Something I read tonight gave me a hint about what hinders our living abundant lives. We want to feel safe, and living safe lives produces shallow faith. This book I was reading continued to state the problem, that "...Jesus isn't safe, but He is always good. On the inside of His goodness, He offers a safe haven for a dangerous life to be lived out." It is so my human nature to say (with sarcasm), "Yes please! Sign me up for that dangerous life!" And miss the whole point. I know that dangerous with Jesus is like walking a tightrope with a net right below you; it just feels dangerous. The bottom line is that taking risks with Him is the only way to an abundant life.

Risk with Jesus always involves giving something - your time, your talent, your heart - that He will leverage for someone else's (or your own) benefit. One risky thing I choose to do is write. And the fact that this blog could potentially be read by more people than I've ever written for in the past makes it feel dangerous for me - really dangerous, if I let myself think about it. Criticism, rejection, and apathy are all realistic possibilities. But I want "rich and satisfying" to describe my days; I want the abundant life, not just survival. In God's economy, giving that small thing you have to give is somehow multiplied into more than enough "rich and satisfying" to fill one's heart.

Also super risky are marriage and parenting, if you are truly engaged in those relationships. Withdrawal, excuses, preoccupation, and avoidance all ring of self-protection. If I am walking in the knowledge that God protects me, that He is my ultimate advocate and that I am defined more by Him than by others, I have no need to hide in my relationships. There is a freedom in this perspective, and one really can't approach abundant living without seizing freedom along the way.

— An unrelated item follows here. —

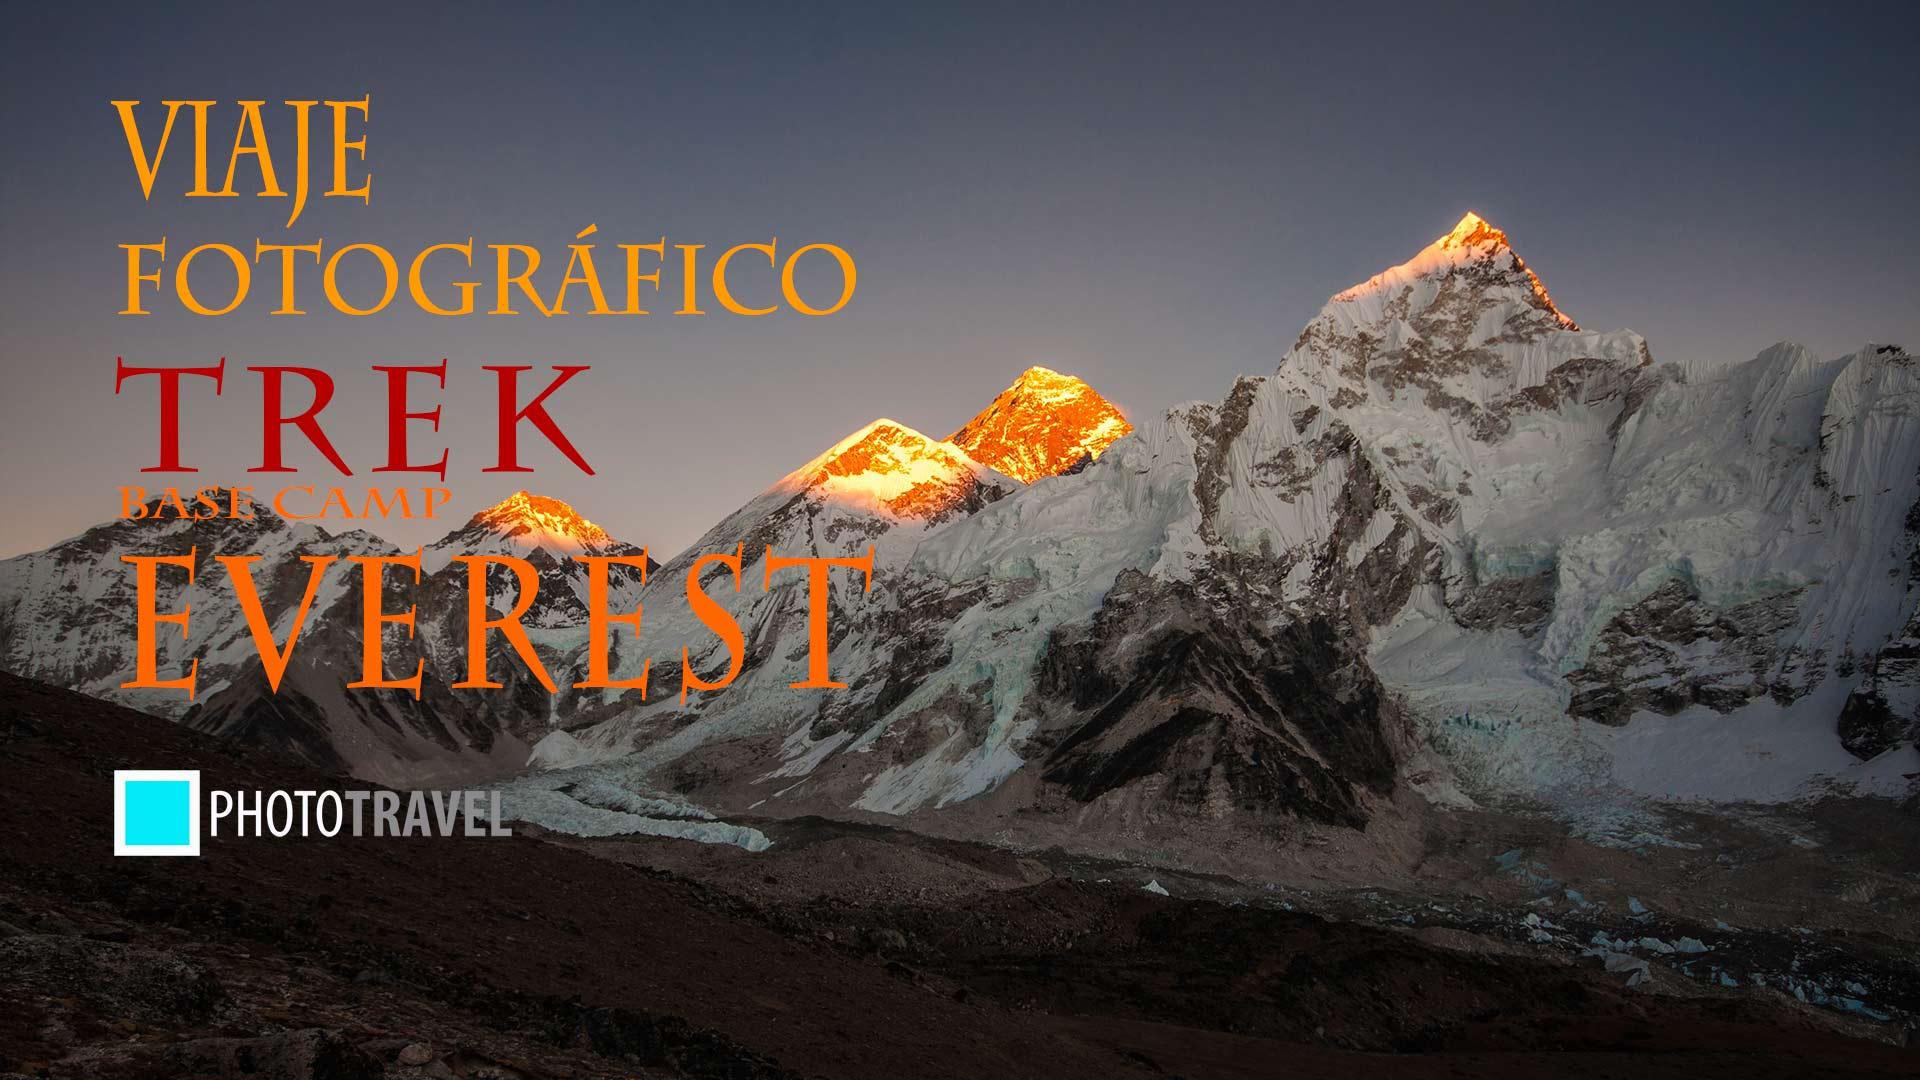 viaje-fotografico-everest

Some other tightropes I'm trying to walk right now:

* continuing to offer grace and love to my husband when I feel hurt and misunderstood

* inviting my friends to church

* signing up to spend a week of my summer leading a group of 2nd graders at Vacation Bible School

* being a more gracious parent

I really have no desire to skydive, manage an aggressive portfolio in the stock market, or put my chips on the table in Vegas, which are all fine things. But for me, this dangerous living of the heart is thrilling enough.


1 comment:

  1. The part where you write about taking risks hit a chord with me. Just recently, I was talking with a friend about lovingly allowing our children to face their fears (especially those irrational fears) in order to give them the opportunity to become bold and courageous. What is God lovingly allowing me to face in order to make me more bold and courageous in my faith?